The evangelist Franklin Graham, the son of Billy Graham, used his verified Twitter account on Monday to charge that left-wingers and the media are out to arrest Trump in order to “prevent him from running for president again—this would be a huge mistake.” Of course, Trump allegedly getting involved with a porn star, shortly after the birth of his son Barron, was saintly behavior by a godly man whose favorite book of the Bible is supposedly 2 Corinthians.

The deafening silence by social conservatives—those bitter foes of drag shows—about Trump’s libertine ways conjures up another book of the Bible. In Matthew 15:14, Jesus says, “And if the blind lead the blind, both shall fall into the ditch.”

Would-Be GOP Presidential Candidates

Ron DeSantis in an interview this week with Piers Morgan finally said the obvious about Trump, without ever mentioning the former president by name: “It’s not saying that you don’t ever make a mistake in your personal life, but I think, what type of character are you bringing?”

Whoa. That’s really going for the jugular.

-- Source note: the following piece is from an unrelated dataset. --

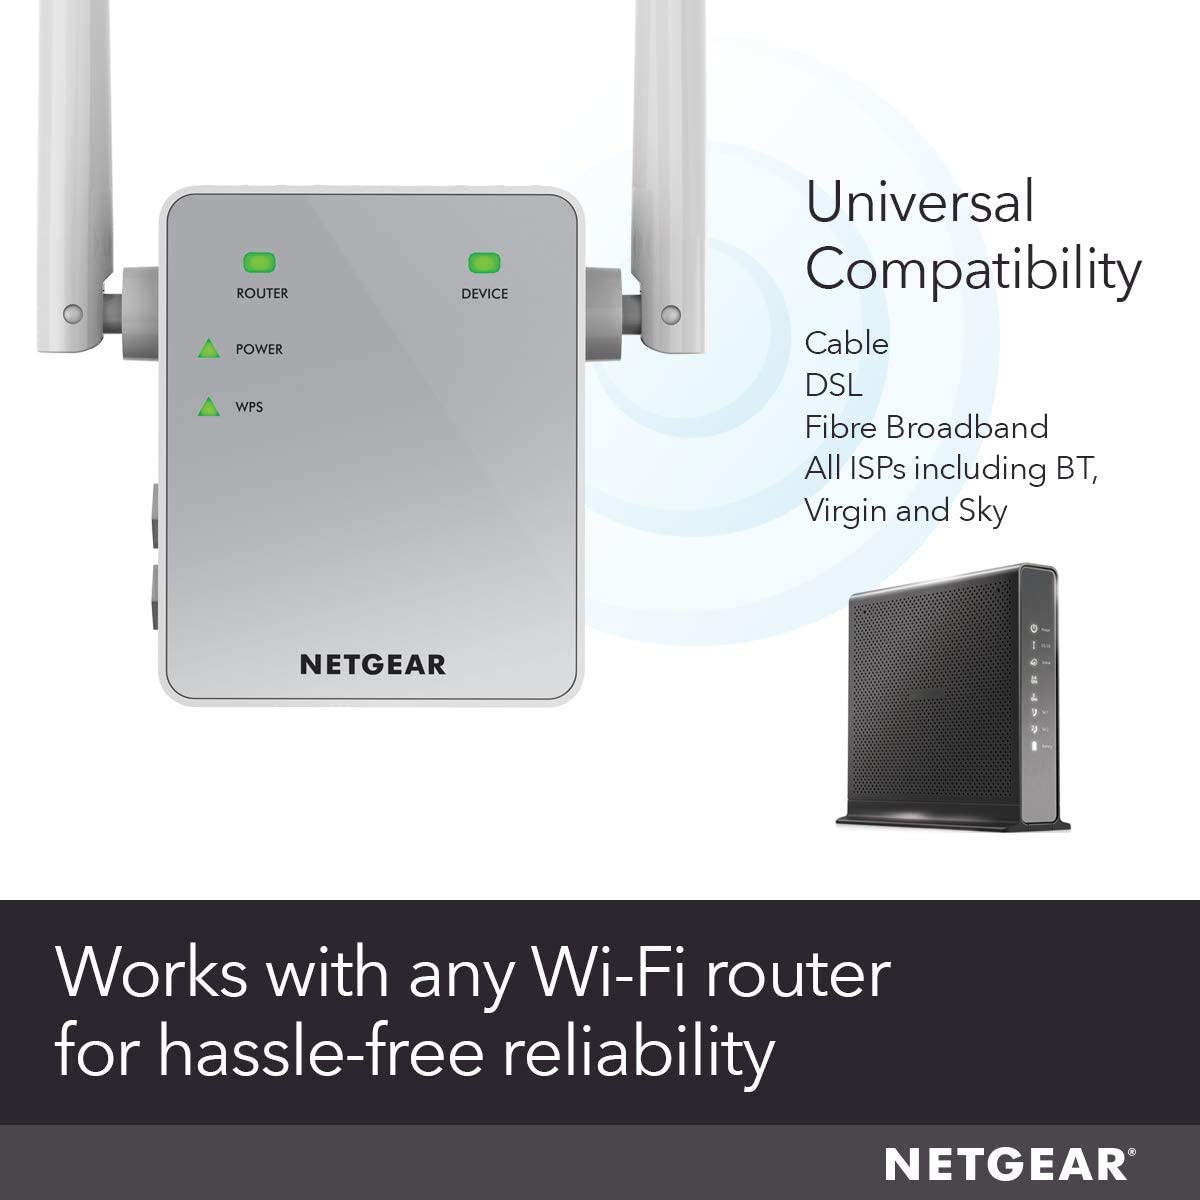 NETGEAR WiFi Booster Range Extender - Covers up to 1000 sq ft and 15 Devices with AC750 Dual Band Wireless Signal Repeater (up to 750 Mbps) and Compact Wall Plug Design with UK Plug (EX3700) WP Smart Home

DeSantis’s main rival for the nomination is about to be arrested, and the most the Florida governor can muster is mushy, syntactically scrambled references to “character.” But compared to the other GOP White House dreamers, DeSantis is wielding a chain saw rather than cuticle scissors.

Mike Pence, the profile-in-piety former vice president, merely denounced “the radical left” and its “politically charged prosecution” in an ABC Sunday interview. I half-expected Pence to cluelessly invoke the TV show Pawn Stars and wonder why Trump is being prosecuted for his use of a storage locker.

And New Hampshire Governor Chris Sununu, who is flirting with a presidential bid as a non-Trump-tinged outsider, downplayed the charges on CNN, saying timorously, “There are other issues that really take precedent in terms of where this country needs to go.” Somehow, I suspect, Sununu with his talk of “other issues” was not referring to the Access Hollywood tape.

The Media

If you switch on cable TV or open any news website, there are more hot takes about Trump’s prosecution than hotcakes at IHOP. Pity any former prosecutor who is so obscure that he or she has not been asked to opine on television or offer a pithy quote to an eager reporter.

But once again, the media wants to rack up the final score before the players take the field. We are in unprecedented territory—about to indict a major political figure, let alone a former president—and there is no way to be certain how it will play out. Yes, Trump has proven impervious to political gravity for almost eight years. But Icarus had a good run as well.

Some Democrats

Maybe I’m channeling Michelle Obama (“When they go low, we go high”), but I have deep concerns about the common fantasy of seeing the Orange One in an orange jumpsuit, presumably with an extra-long tie at the neck.

The overarching goal should be to make Trump the most discredited figure in modern American political history. The danger of extreme revenge fantasies through the criminal justice system is that they smack of a banana republic and run the risk of making Trump a jailed martyr.

Yes, prosecute Trump on all valid fronts, particularly his tinpot-tyrant efforts to overturn the 2020 election. But I will be overjoyed if he ends up a lonely, isolated figure at Mar-a-Lago, joined only by Rudy Giuliani and Mike Lindell, brooding about how he blew it all on ego, spleen, and a hatred of democracy.